The Drangians were listed among the peoples ruled by the legendary King Ninus before the Achaemenids.

===Sassanian era===
The province was formed in ca. 240, during the reign of Shapur I, in his effort to centralise the empire; before that, the province was under the rule of the Parthian Suren Kingdom, whose ruler Ardashir Sakanshah became a Sasanian vassal
Its people were Zoroastrian. Sistan had a very strong connection with Zoroastrianism and during Sassanid times Lake Hamun was one of two pilgrimage sites for followers of that religion. In Zoroastrian tradition, the lake is the keeper of Zoroaster's seed and just before the final renovation of the world, three maidens will enter the lake, each then giving birth to the saoshyans who will be the saviours of mankind at the final renovation of the world.

===Islamic conquest===
During the Muslim conquest of Persia, the last Sasanian king Yazdegerd III fled to Sakastan in the mid-640s, where its governor Aparviz (who was more or less independent), helped him. However, Yazdegerd III quickly ended this support when he demanded tax money that he had failed to pay.

In 650, Abd-Allah ibn Amir, after having secured his position in Kerman, sent an army under Mujashi ibn Mas'ud to Sakastan. After having crossed the Dasht-i Lut desert, Mujashi ibn Mas'ud arrived to Sakastan. However, he suffered a heavy defeat and was forced to retreat.

One year later, Abd-Allah ibn Amir sent an army under Rabi ibn Ziyad Harithi to Sakastan. After some time, he reached Zaliq, a border town between Kirman and Sakastan, where he forced the dehqan of the town to acknowledge Rashidun authority. He then did the same at the fortress of Karkuya, which had a famous fire temple, which is mentioned in the Tarikh-i Sistan. He then continued to seize more land in the province.
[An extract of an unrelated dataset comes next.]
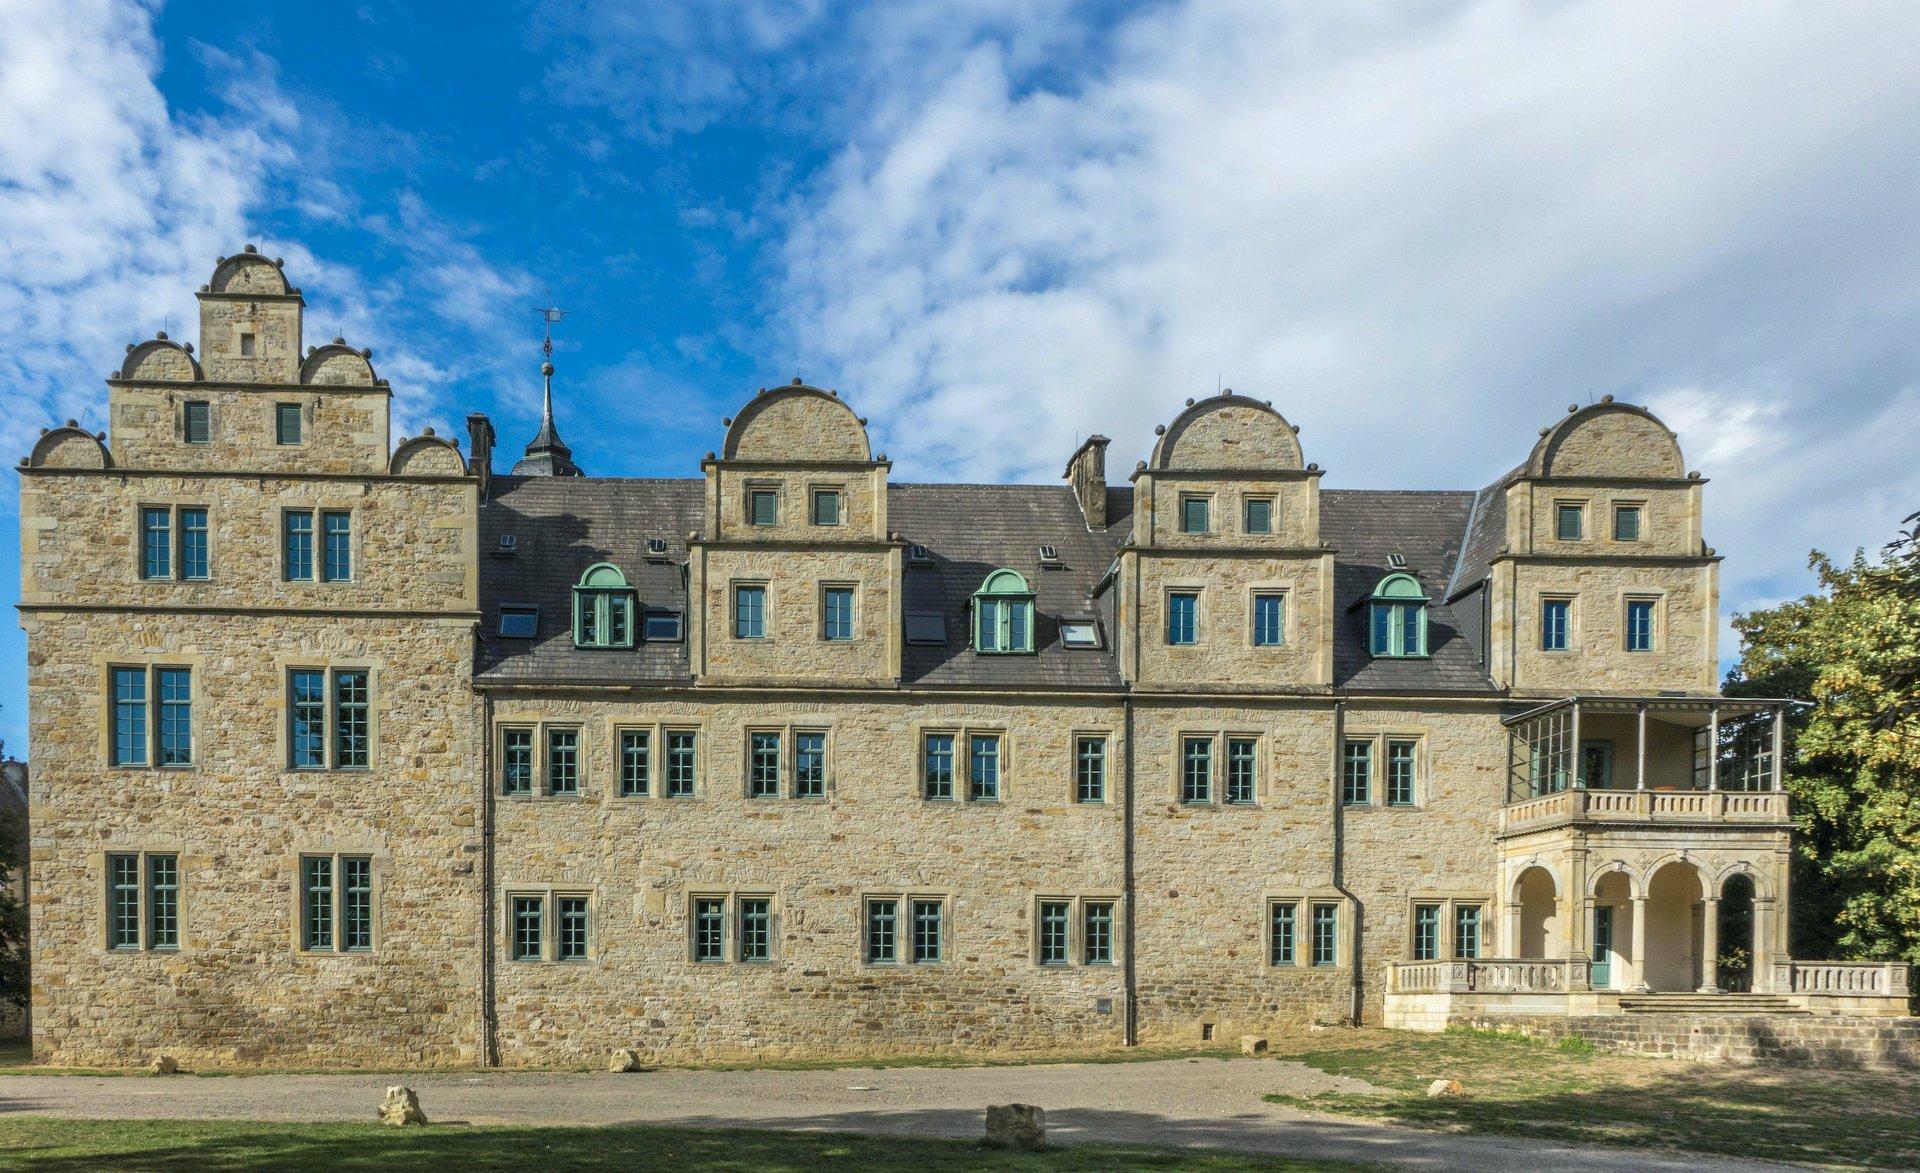 Südseite des Schlosses in Stadthagen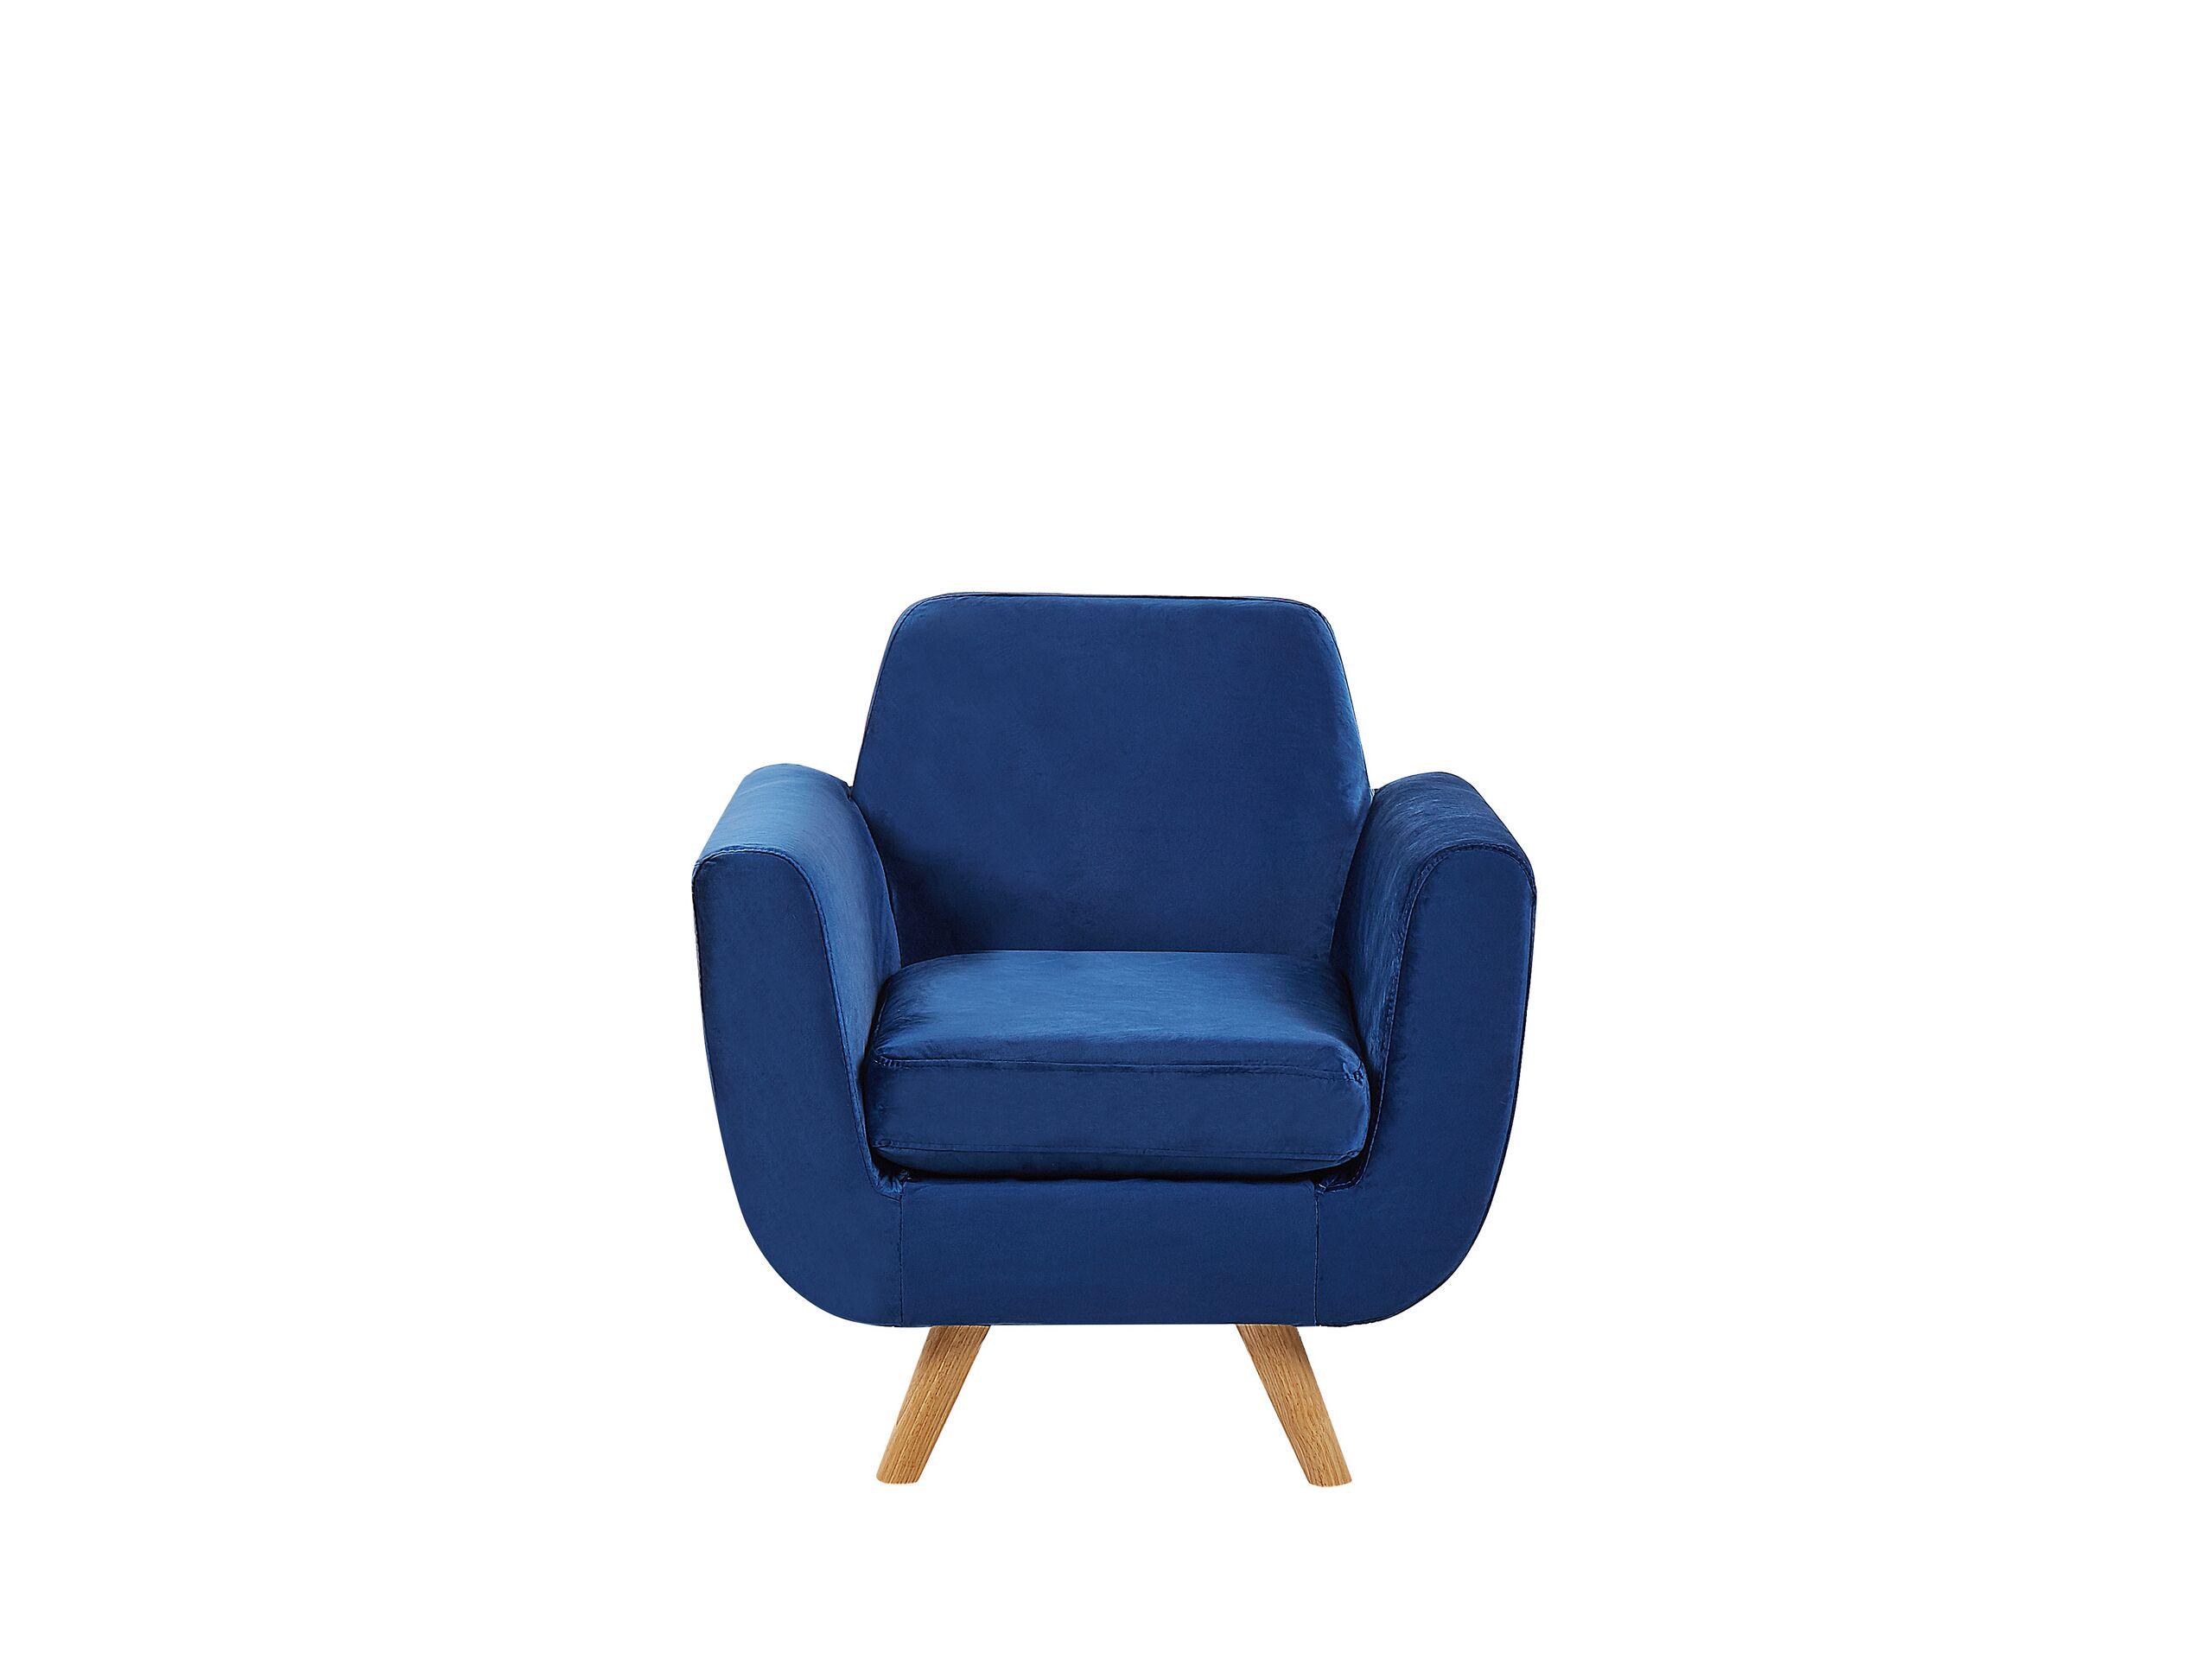 Housse en velours bleu marine pour fauteuil

He thereafter besieged Zrang, and after a heavy battle outside the city, Aparviz and his men surrendered. When Aparviz went to Rabi to discuss about the conditions of a treaty, he saw that he was using the bodies of two dead soldiers as a chair. This horrified Aparviz, who in order to spare the inhabitants of Sakastan from the Arabs, made peace with them in return for heavy tribute, which included a tribute of 1,000 slave boys bearing 1,000 golden vessels. Sakastan was thus under the control of the Rashidun Caliphate.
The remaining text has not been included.